→ **Dataset content**
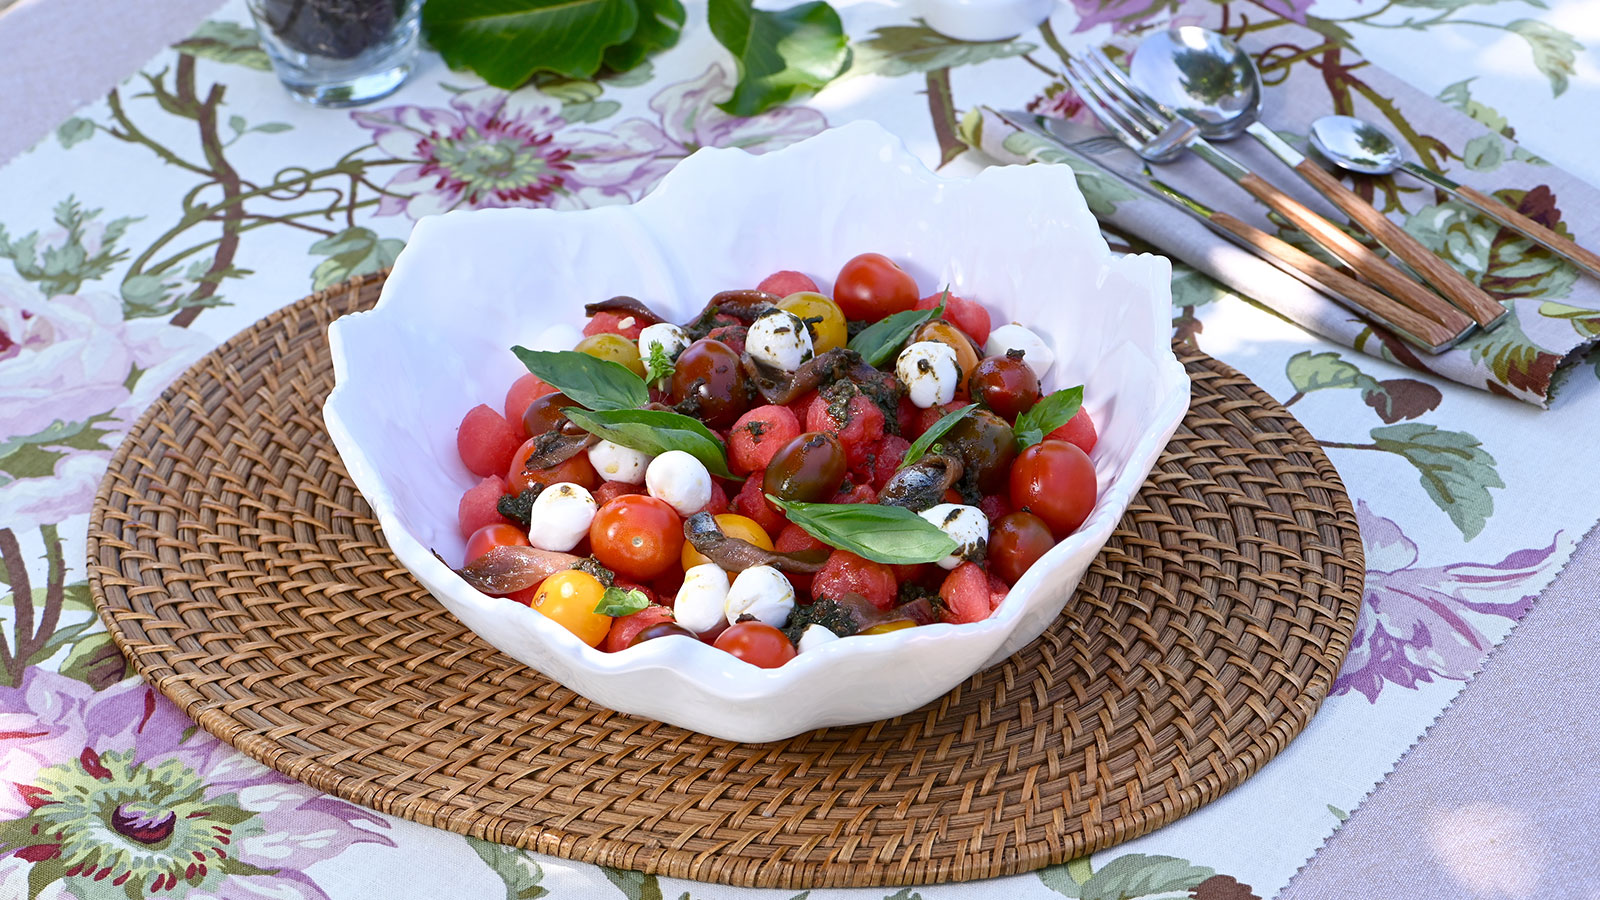 Ensalada de sandía con esferas de cherry, anchoas y mozzarella - Elena  Aymerich - Receta - Canal Cocina
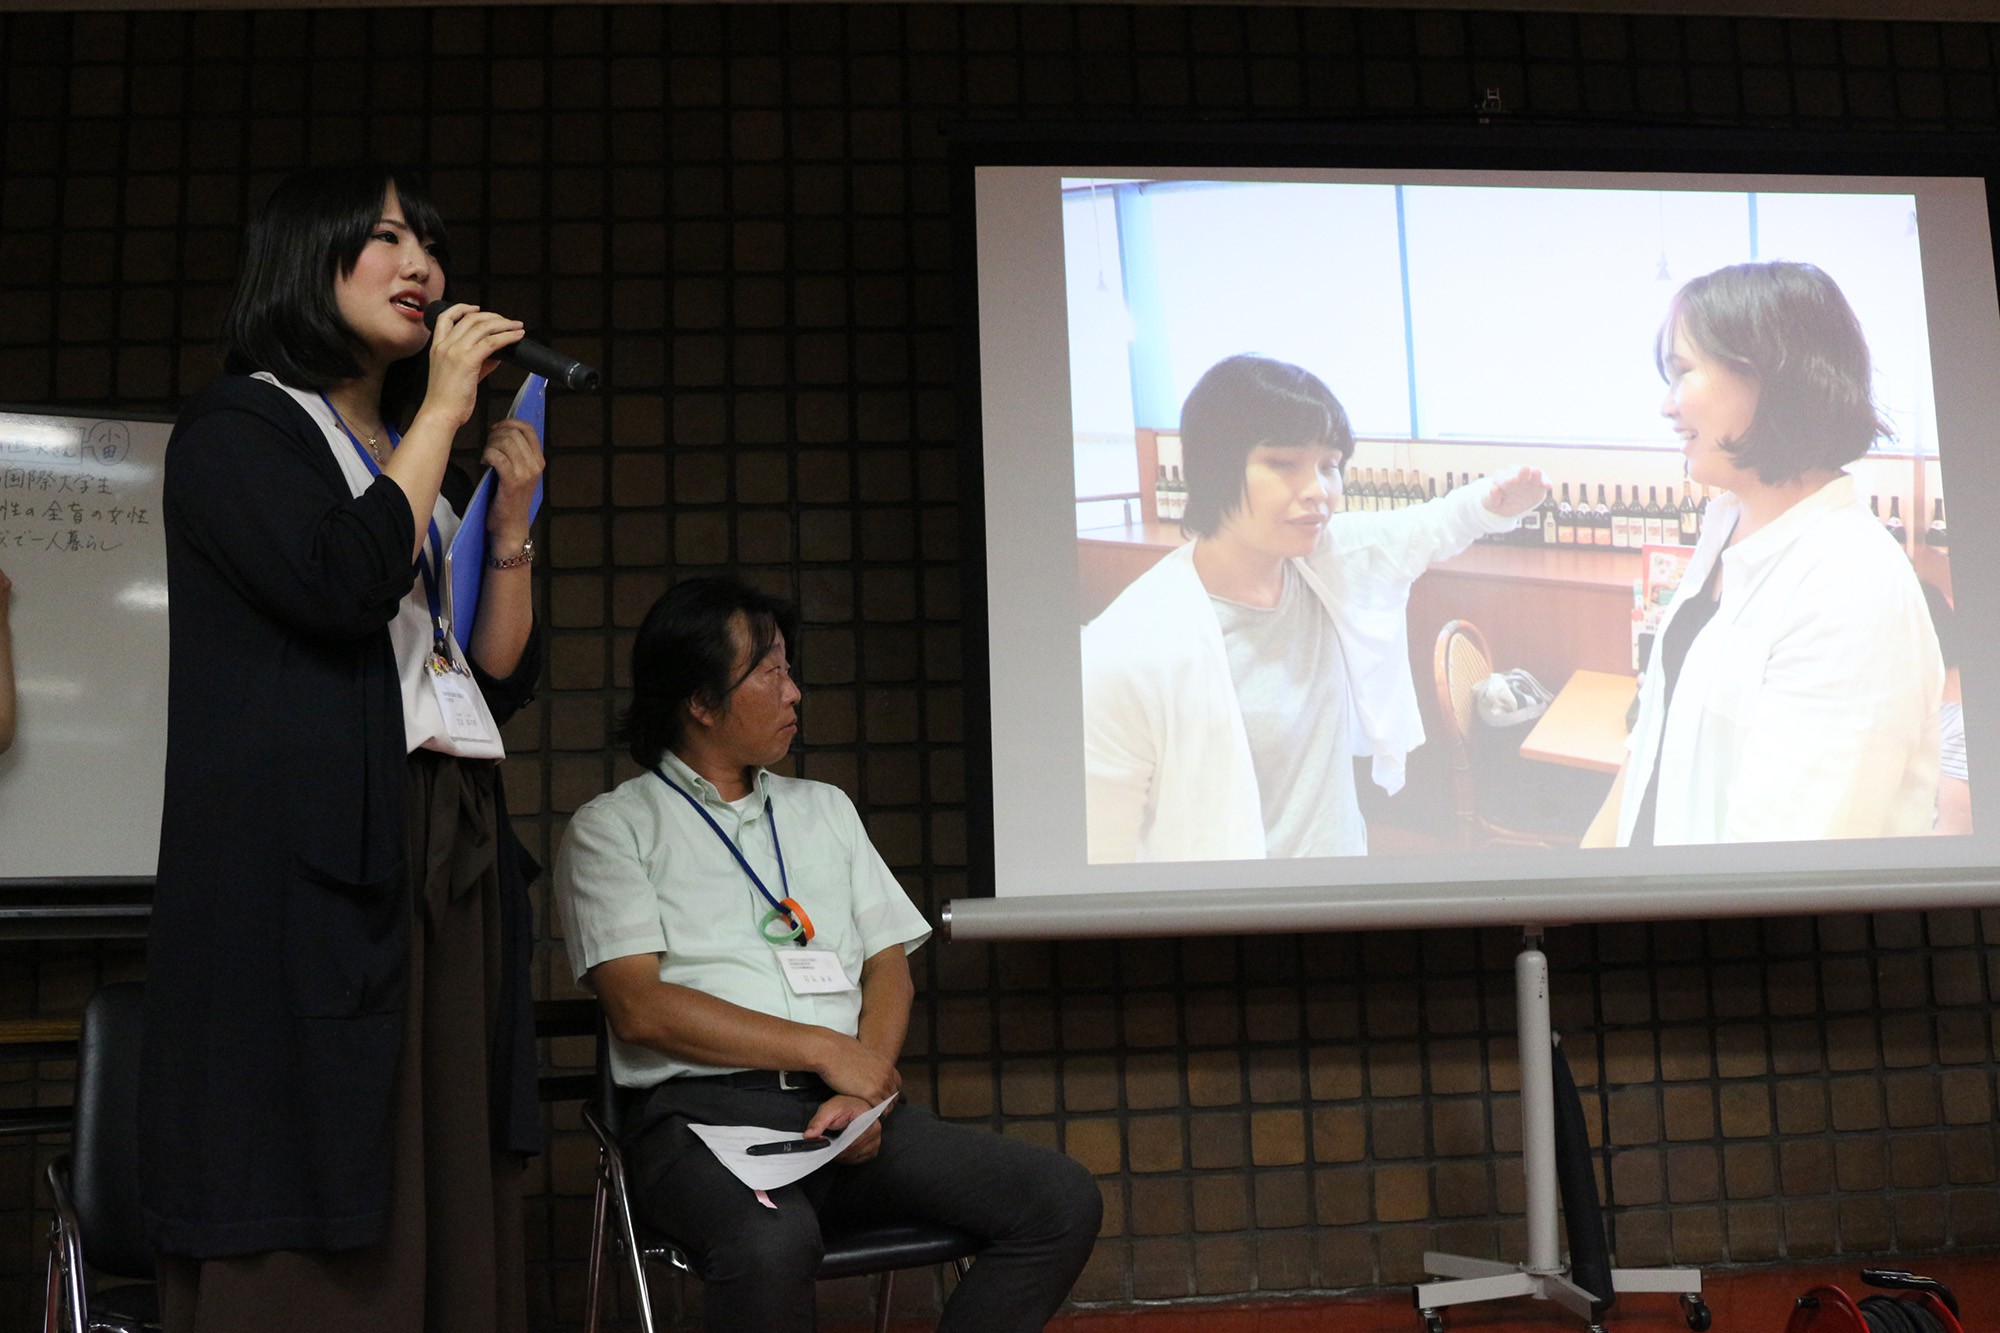 小田支部は視覚障害をもつ方による小学生向けの点字教室を紹介。発表は大北菜々恵さん。
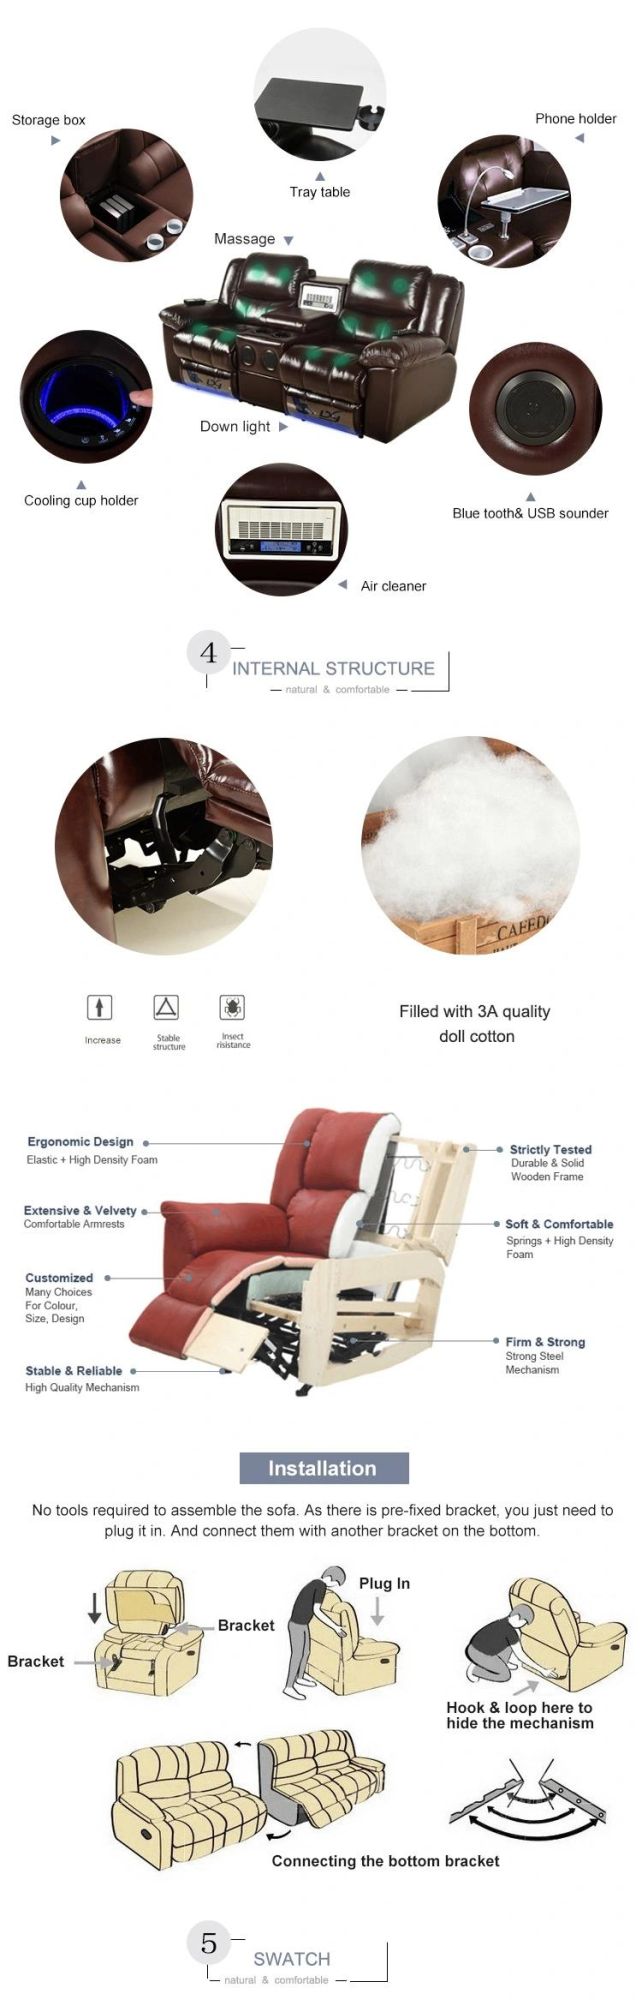 Modern Wholesale Furniture Classic Design Furniture Recliner China Genuine Leather Sofa
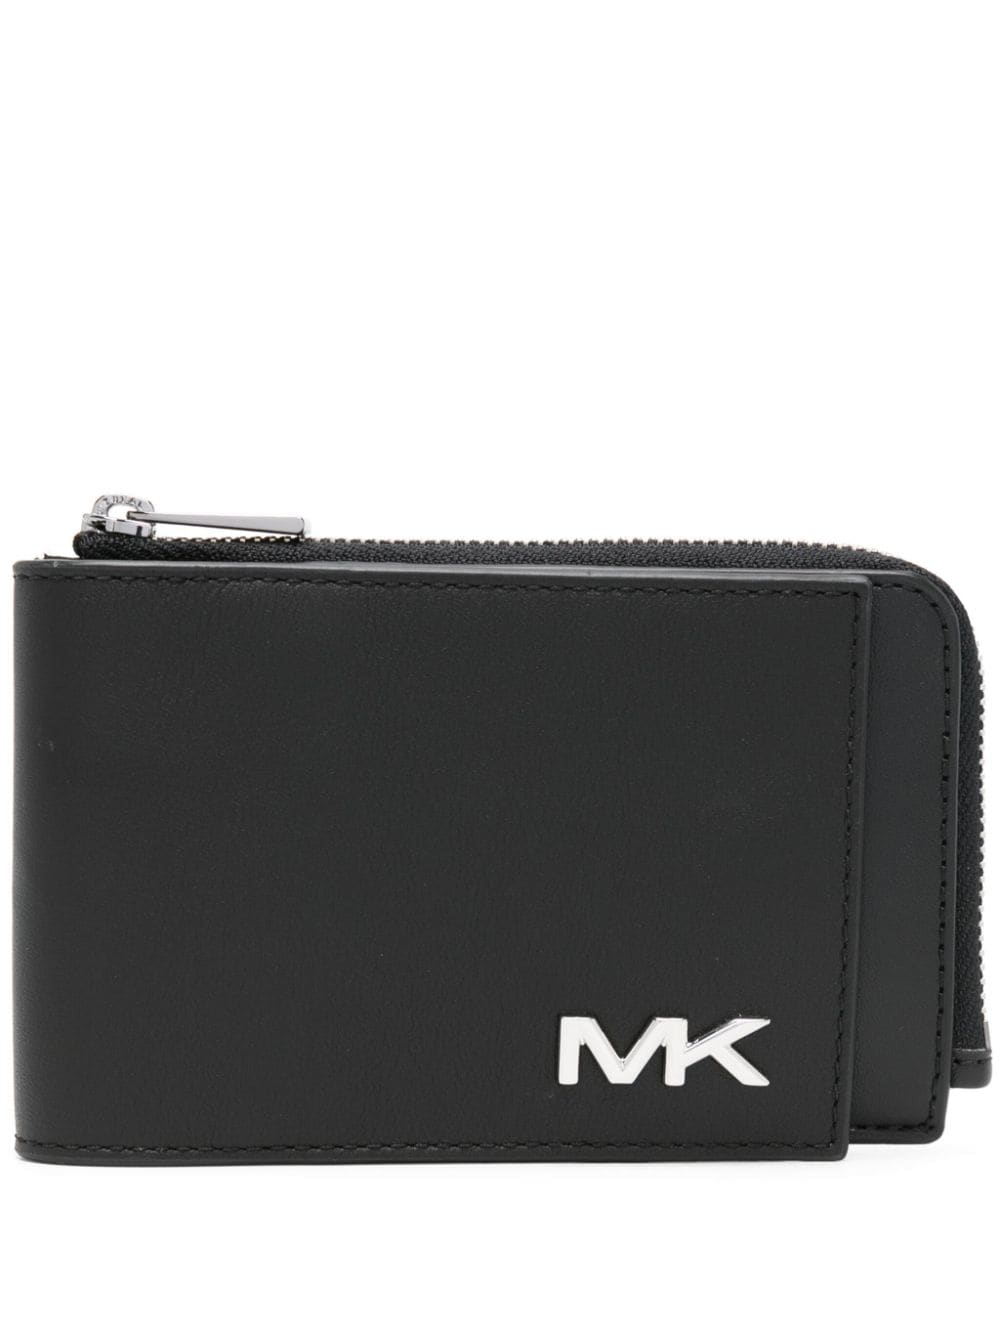 Michael Kors logo-plaque leather wallet - Black von Michael Kors

→ **How to complete this task**
After locating the line that contains "Modern Wholesale Furniture", output it and all later lines through the end of the material exactly, leaving out pictures.

→ **Answer for this exercise**
 Modern Wholesale Furniture Classic Design Furniture Recliner China Genuine Leather Sofa
 Michael Kors logo-plaque leather wallet - Black von Michael Kors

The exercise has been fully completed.